Shumate also said he and his coworkers worry about their other coworkers who haven’t shown up to work in a month — potentially because they contracted COVID-19.
More money needs to go towards medical providers and their safety. Shumate thinks budget cuts should focus on nonessential areas, like patient satisfaction, since a hospital is a place to get better. “It’s good to make people feel cared for and happy, but the prioritization should be on the nurses,” he said.
Shumate believes the hospital has a way to fix this, but they likely won’t. “A little more support and prioritization should be given to the staff on these floors. If we don’t protect ourselves and then we’re out sick and the hospital is worrying about its income, it’s definitely going to be worse if we’re out too,” he said.
On April 20, Gov. Kemp said surgeons could start operating on patients again, though Commissioner of the Georgia Department of Health, Dr. Kathleen Toomey, admitted Georgia had not met the full criteria for reopening. Gov. Kemp’s office refused to comment when asked about hospital workers’ safety with the lack of PPE and doctors having to resume surgeries, regardless of their fears.
But don’t give up hope: Young adults can help this situation. Shumate says the main thing they can do is be more knowledgeable about the virus and maintain at least some level of social distancing. Further, by keeping themselves safe, they can keep their loved ones safe. The death rate from COVID-19 increased by 500 percent in 48 hours, in which one hundred people died, after Georgia reopened on April 24.
By social distancing, even as businesses open, people can help take away the strain from the lack of PPE. “If they do stay home and stay with the guidelines said before, the PPE issue would still be there, just not go as far out of hand,” Shumate said.
The Georgia Hospital Association seems to believe hospitals are fine.
“Keeping our health care workforce safe is a top priority for our hospitals,” the Georgia Hospital Association said in a statement.
“Hospitals are following current CDC best practices and encouraging our nurses, physicians and other clinical staff to adhere to the recommended PPE conservation methods to ensure their own safety as hospitals cope with the shortage.”
But as Shumate and other nurses have seen, hospital workers have to look out for themselves. The situation isn’t as simple as just “following procedures.” Procedures can’t be fully followed if they don’t have enough PPE.

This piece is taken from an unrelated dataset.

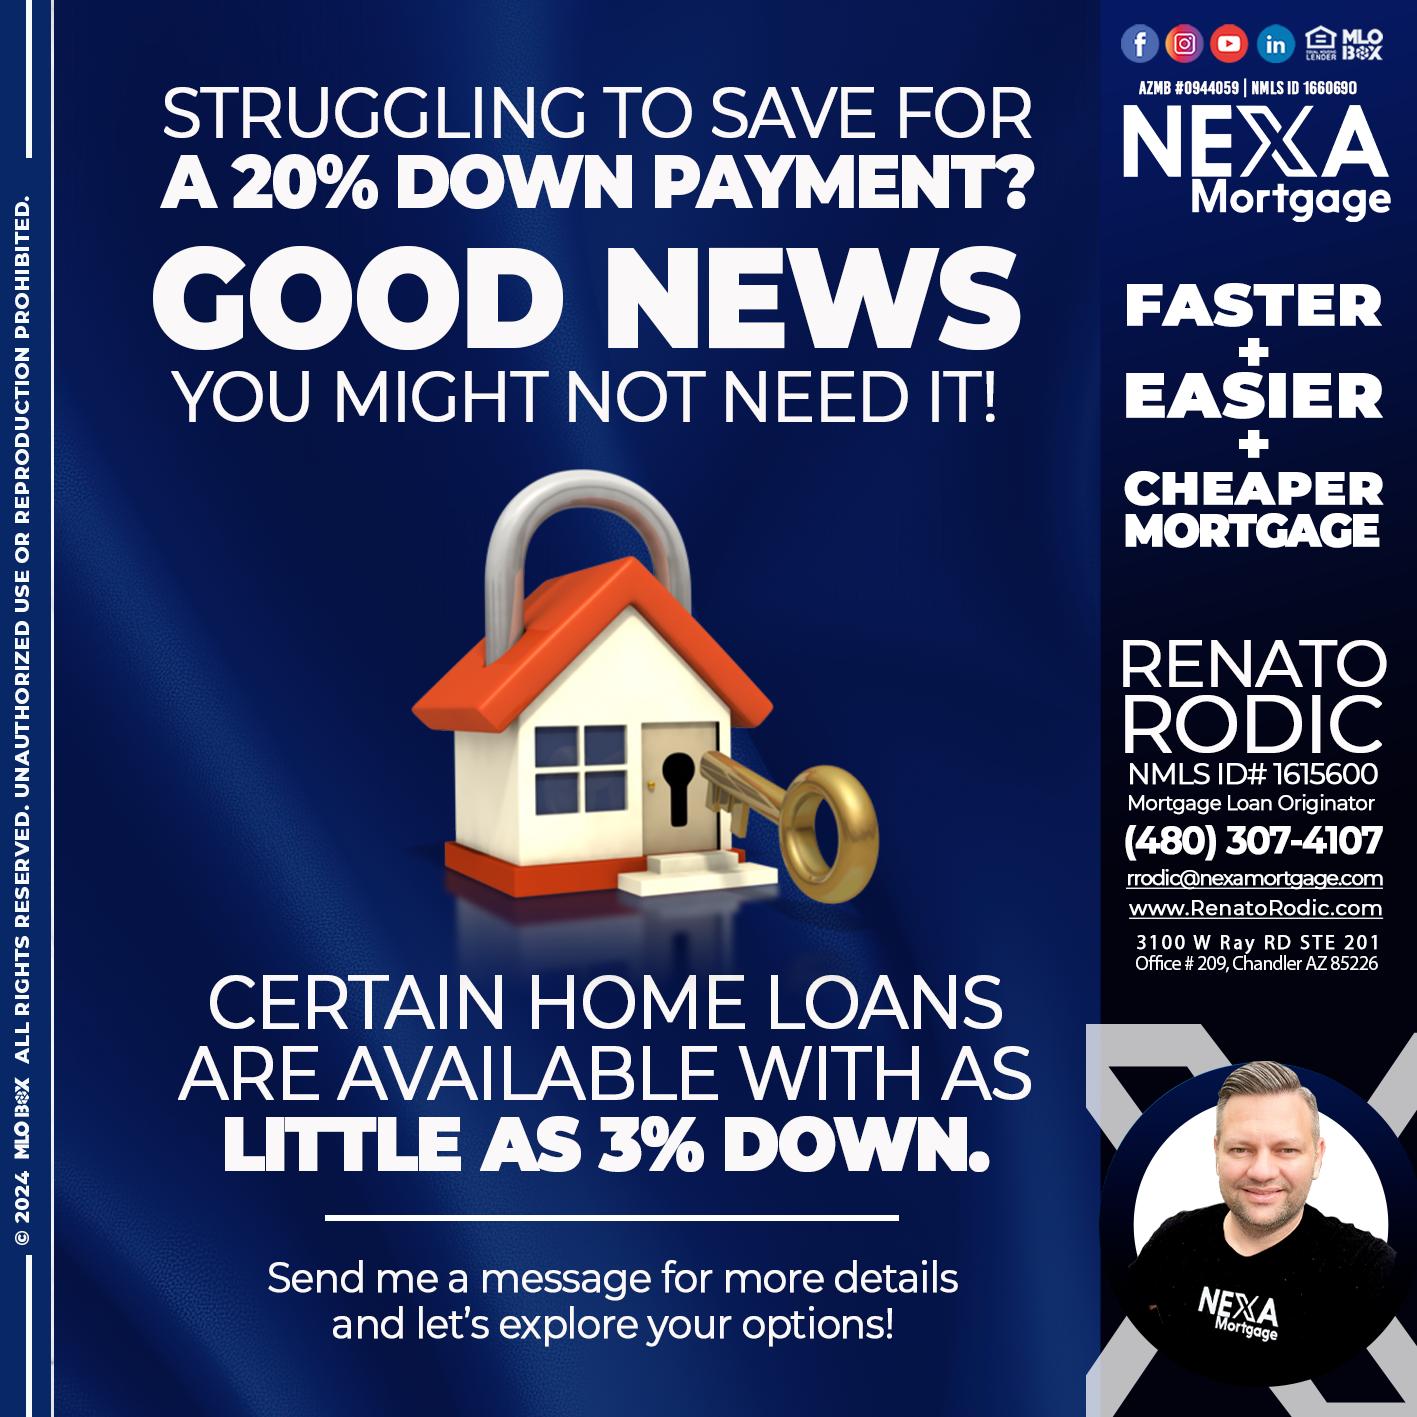 good news - Renato Rodic -Mortgage Loan Originator

People in Atlanta are in need of extra masks as well for when they protest against systemic racism and the unjust deaths of black people at the hands of police. According to Shumate, employees from both Grady and the Emory health care systems have taken a knee outside of hospitals for 8 minutes and 46 seconds — the amount of time it took for a police officer to kill George Floyd with his knee on Floyd’s neck.

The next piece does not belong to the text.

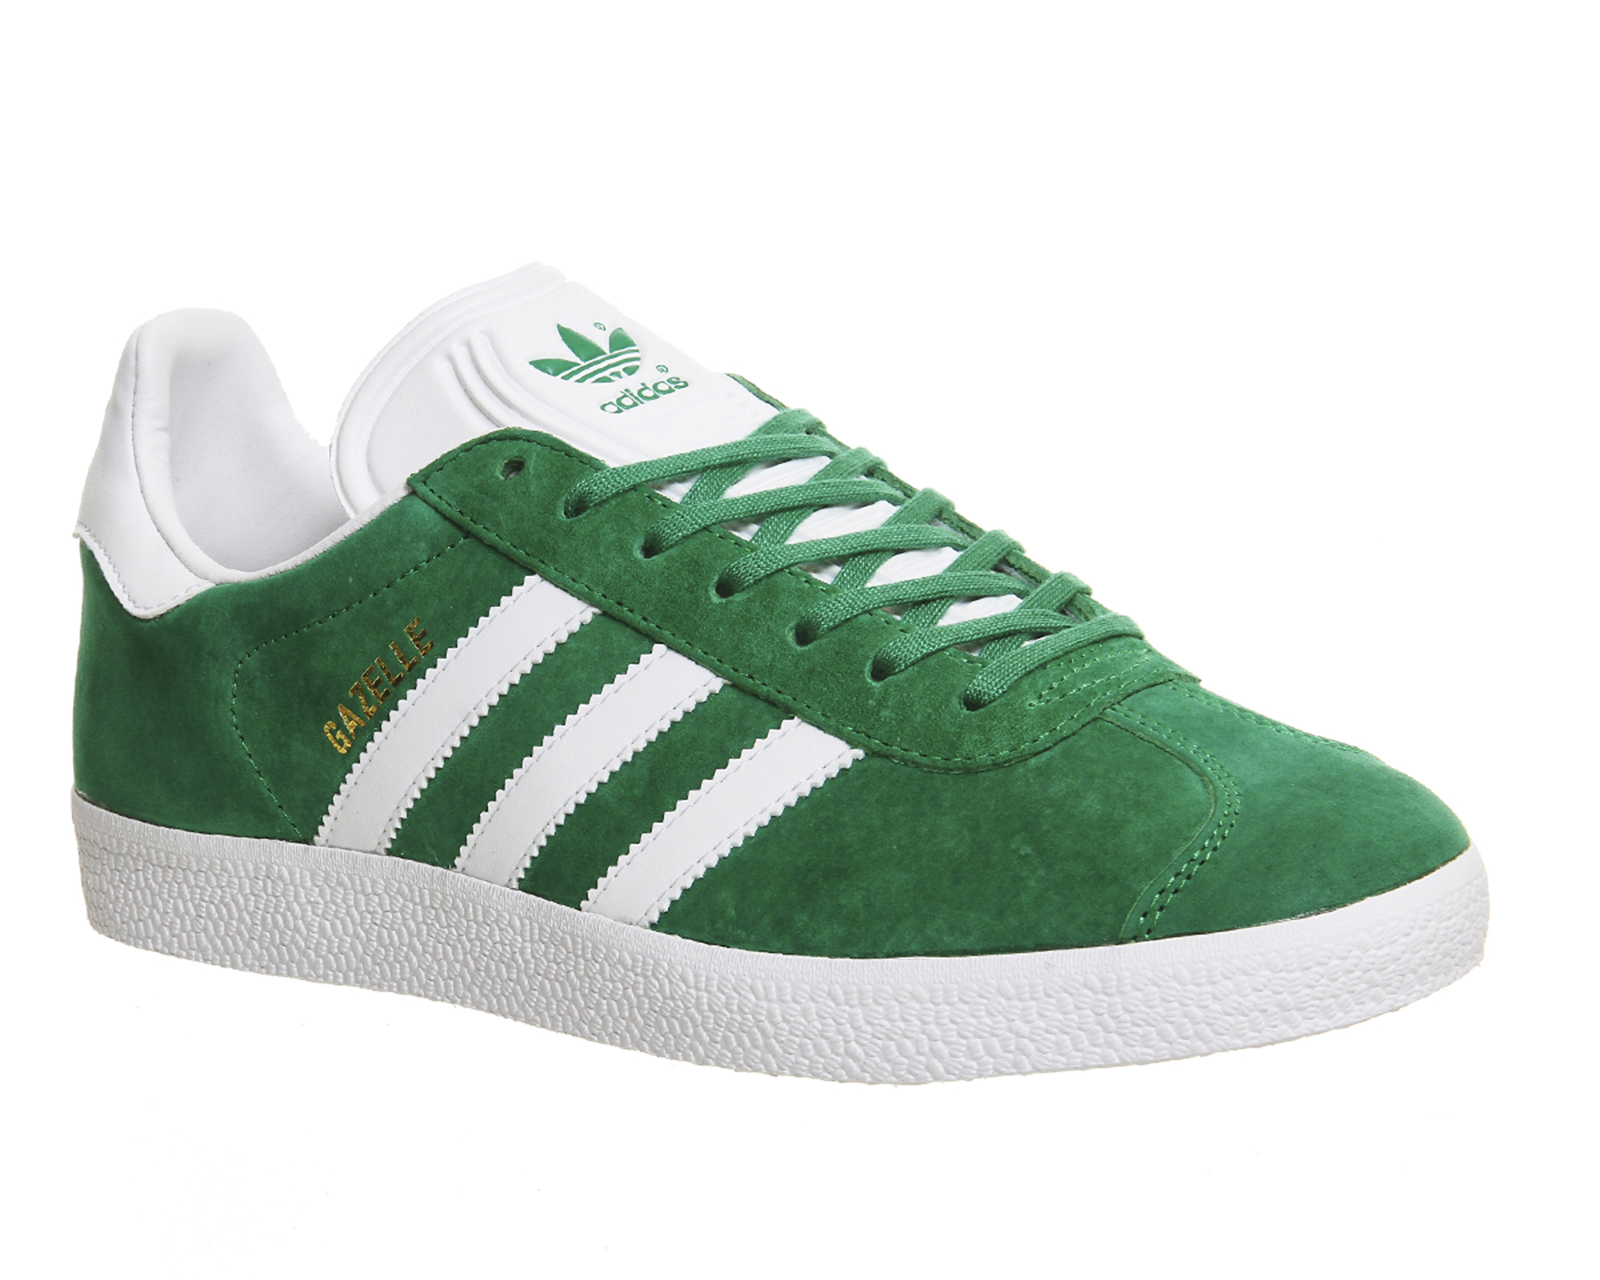 adidas Gazelle Green White - His trainers

Shumate is proud of the hospital employees’ engagement and wants to remind people of the importance of PPE when protesting.
“The risk for contracting COVID is still very high,” he said. “[The number of people with COVID-19] could very well start to increase again as early as next week. With vigilance and a mind on keeping safe and healthy, I believe we all will achieve the change we are striving for.”
To help, young adults can also consider making masks. Shumate said one of his coworker’s friends made between a thousand and two thousand cloth masks, so now the nurses don’t have to wear the same mask or share them anymore. However, at the same time, masks are in constant need at hospitals, especially rural ones. Despite donations and disinfectants, PPE is constantly used and in short supply.
Those masks can be taken to Emory Healthcare’s drive-through donation site on Clifton Road. Instead of just saying health care workers are heroes, help them stay safe and healthy by supplying masks.